Another startling discovery for me was that the wheel encoders are not used in rover for velocity estimation but only for position estimates in automatic modes. By then it was getting quite late to work on it and have it tested by the final submission deadline. Randy is currently working on adapting the wheel encoder code so that it is used for velocity control as well.
Together, the issues with the wheel encoders and the velocity controller for the real vehicle turned out to be a total killjoy for me. I was expecting to put up a video of all the modes working, but that will have to wait now.
There is still good news though
Though we were unable to test all the modes on the real vehicle, the simulator tests confidently tell us that all of our code is in order. The wheel encoder support is actually a minor issue in the big picture and i have full confidence that in a week or two, we will be seeing the balance bot running all modes successfully.
Even better, Randy managed to do an outdoor test of the Balance Bot in manual mode.
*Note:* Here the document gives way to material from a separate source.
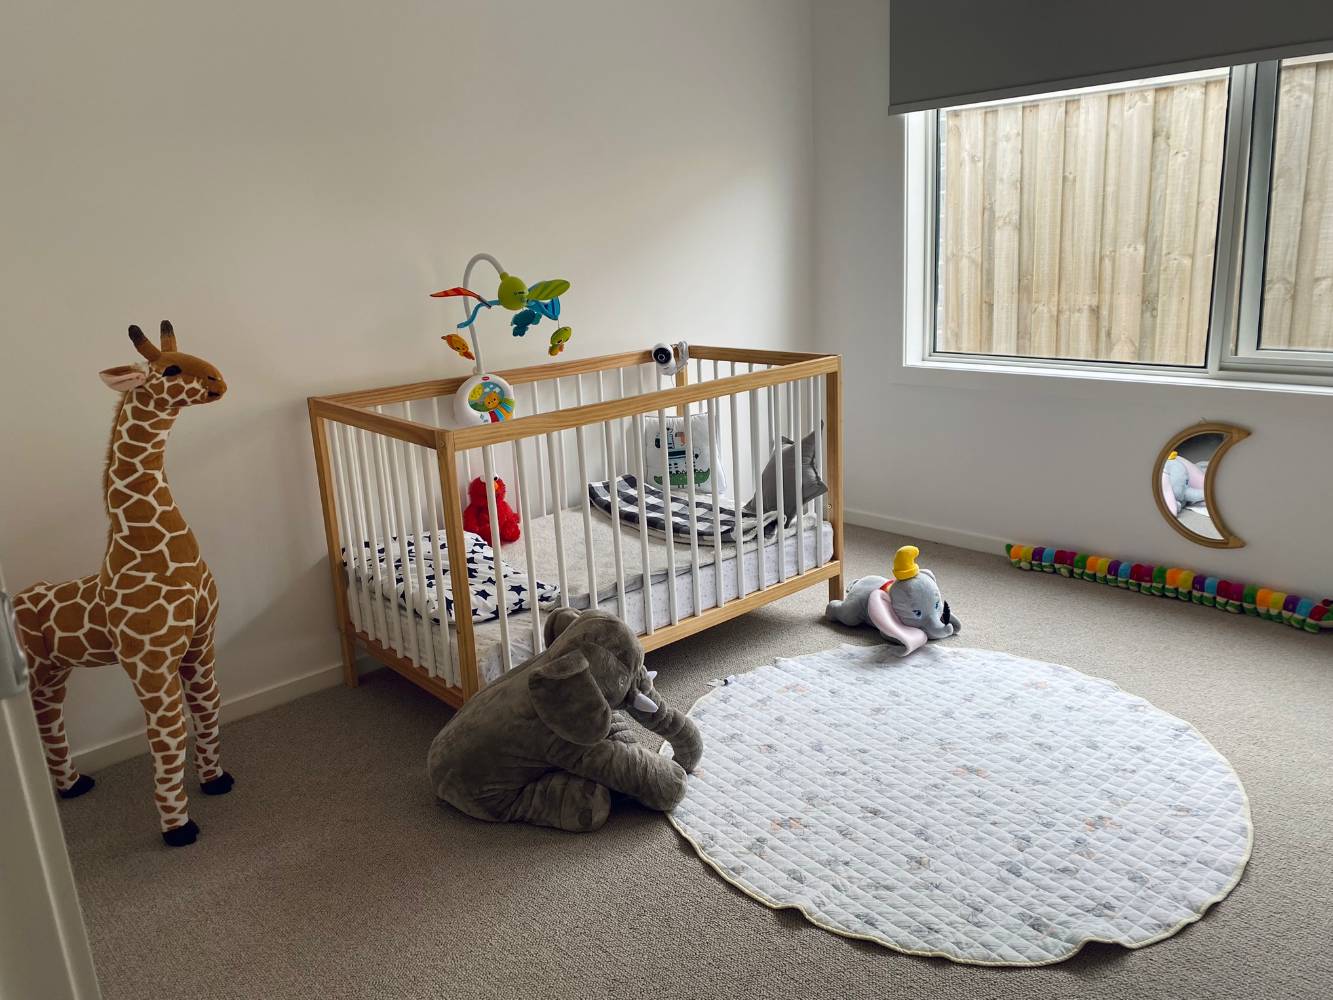 Baby’s room with cot & toys

He made a clever addition of a feed forward term in the balancing controller PID, based on the wheel encoder reading. This actually enhanced the stability in Manual Mode. Here is the video of his test:
Balance Bot Documentation
The documentation for running balance bots is up and you can find it here:http://ardupilot.org/rover/docs/balance_bot-home.html.
- Implement wheel encoder based velocity control
- Test out all modes on the “actual” balance bot
- PID works fine, but the LQR controller is what is more widely used for balance bots
These last three months of work with Ardupilot has been a very great time for me. Right from learning new things every other day to working with some of the brightest minds I have ever seen, the experience was unparalleled. @tridge and @peterbarker have been very helpful and considerate as mentors and I really could not ask for better. Special thanks to @rmackay9 and @jschall for all the help and advice. Though officially my GSoC work with Ardupilot is over, I really look forward to continue working with this team and taking the Balance Bot project even further.